Carboxylated polystyrene fluorescent yellow-green nanoparticles (100 nm in a diameter,

excitation/emission: 505nm/515nm) and Alex-Fluor 647-NHS for bio-conjugation were

purchased from Invitrogen (Grand Island, NY). EDC (1-Ethyl-3-(3-

dimethylaminopropyl)carbodiimide) and Sulfo-NHS (N-hydroxysulfo succinimide) were

purchased from Pierce (Rockford, IL). Diff-Quick staining kit was purchased from Fisher

Scientific. N-formyl-methionyl-leucyl-phenylalanine (fMLF) and other chemicals were

from Sigma (St. Louis, MO).
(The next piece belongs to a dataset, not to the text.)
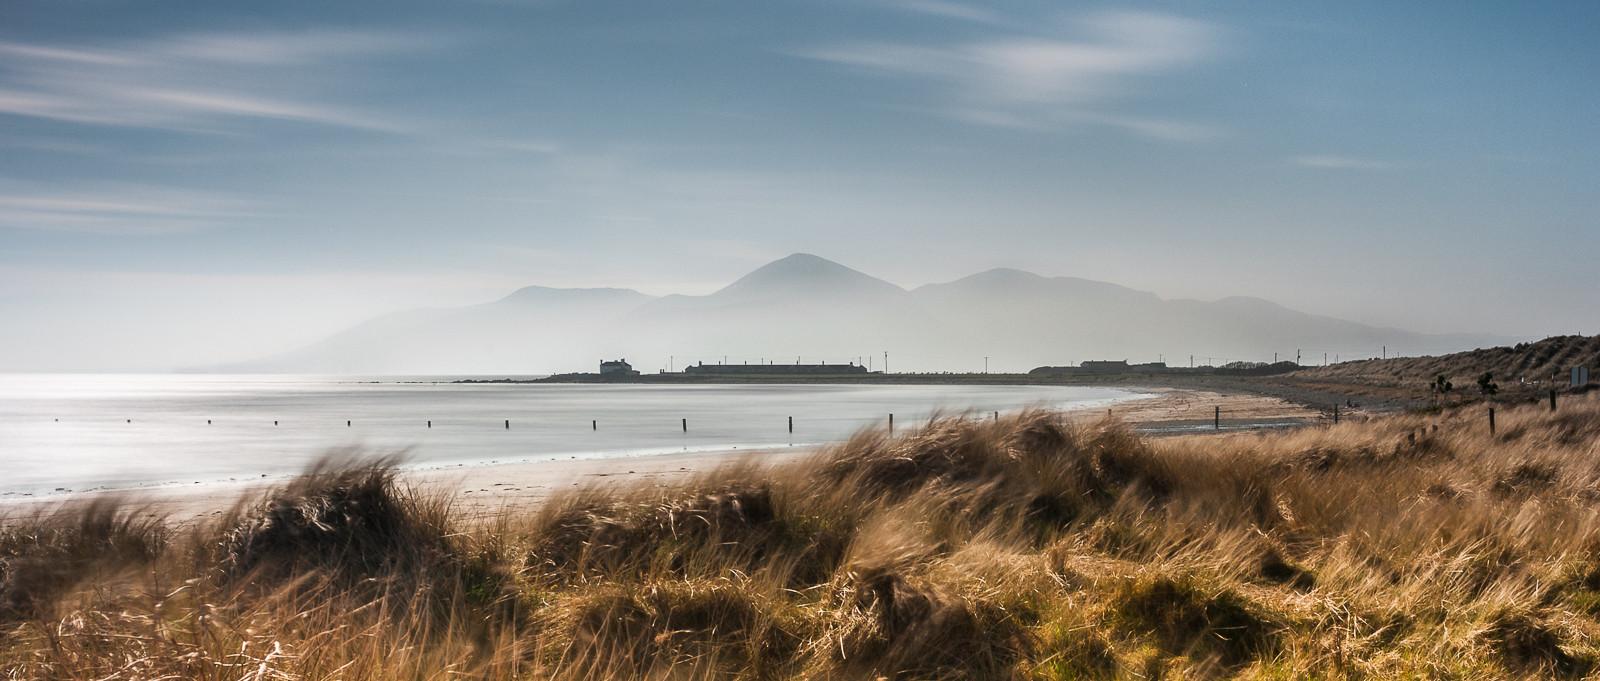 'Beach' by Wayne Hazlett (9 marks)  -  Enniskillen Photographic Society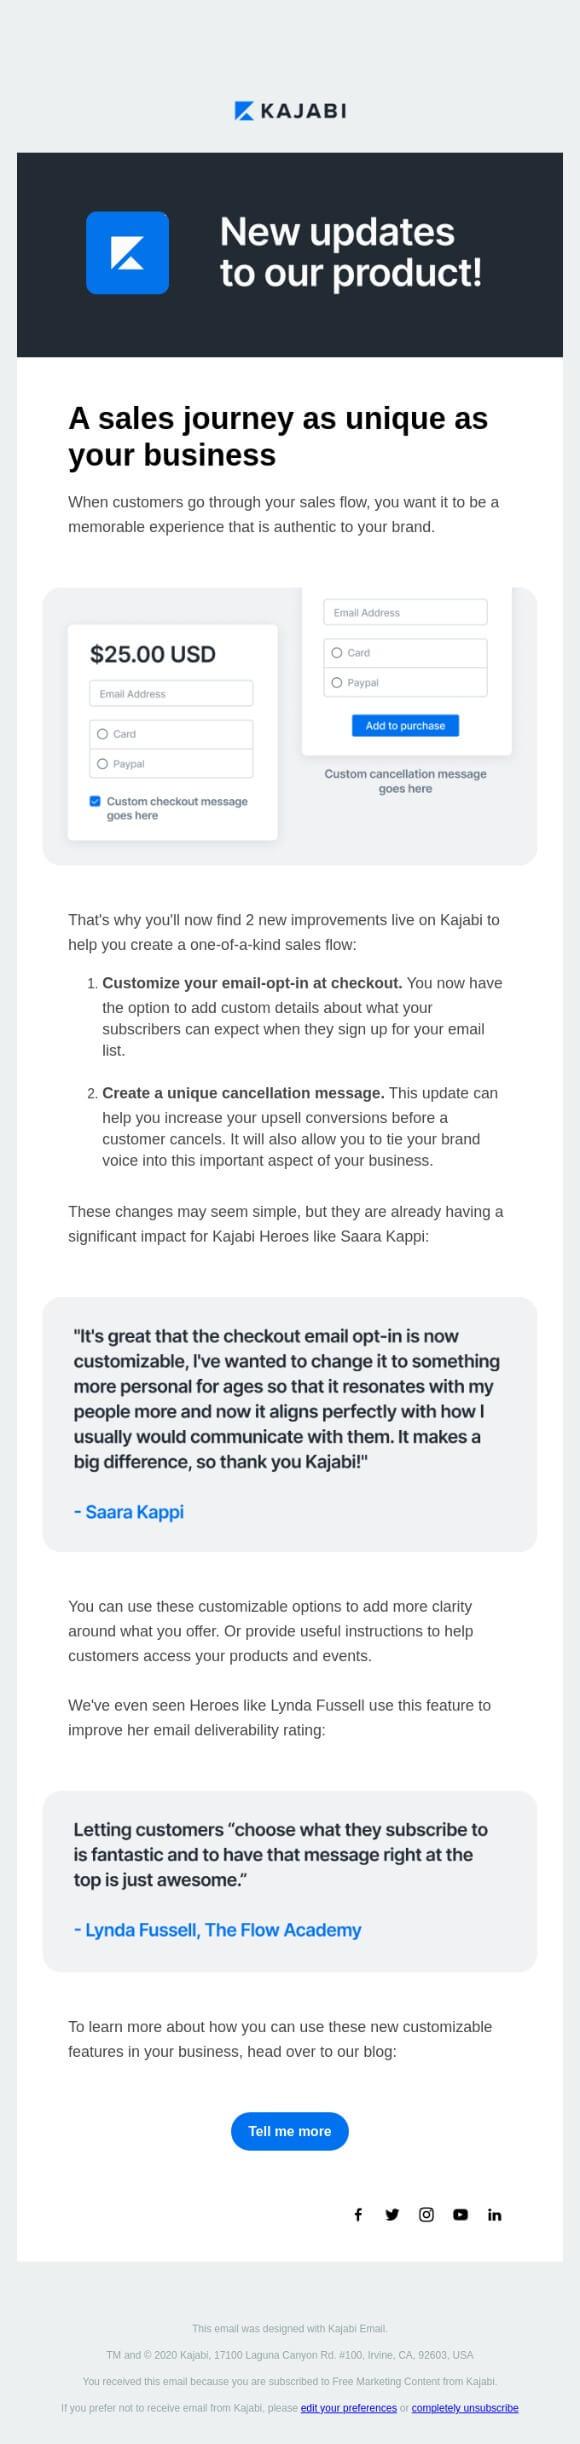 product-update-emails-kajabi

Rabbit anti-phospho Syk (Tyr525/526) and anti-mouse β-

actin antibodies were purchased from Cell Signaling (Danvers, MA). CellTiter 96®

AQueous one solution cell proliferation assay was purchased from Promega (Madison,

WI). Isolated mouse lung endothelial cells (MLECs) were cultured as described3.

Purified human fibrinogen was kindly provided by Deane F. Mosher (University of

Wisconsin, Madison, WI).

Measuring size of albumin nanoparticles: The size of albumin nanoparticles was

measured using dynamics light scattering (Dyatt Inc.) at 633 nm. Diluted albumin

nanoparticle solution was spread on a copper grid (300 mesh) and the size of

nanoparticles was determined by transmission electron microscope (Jeol JEM-1220).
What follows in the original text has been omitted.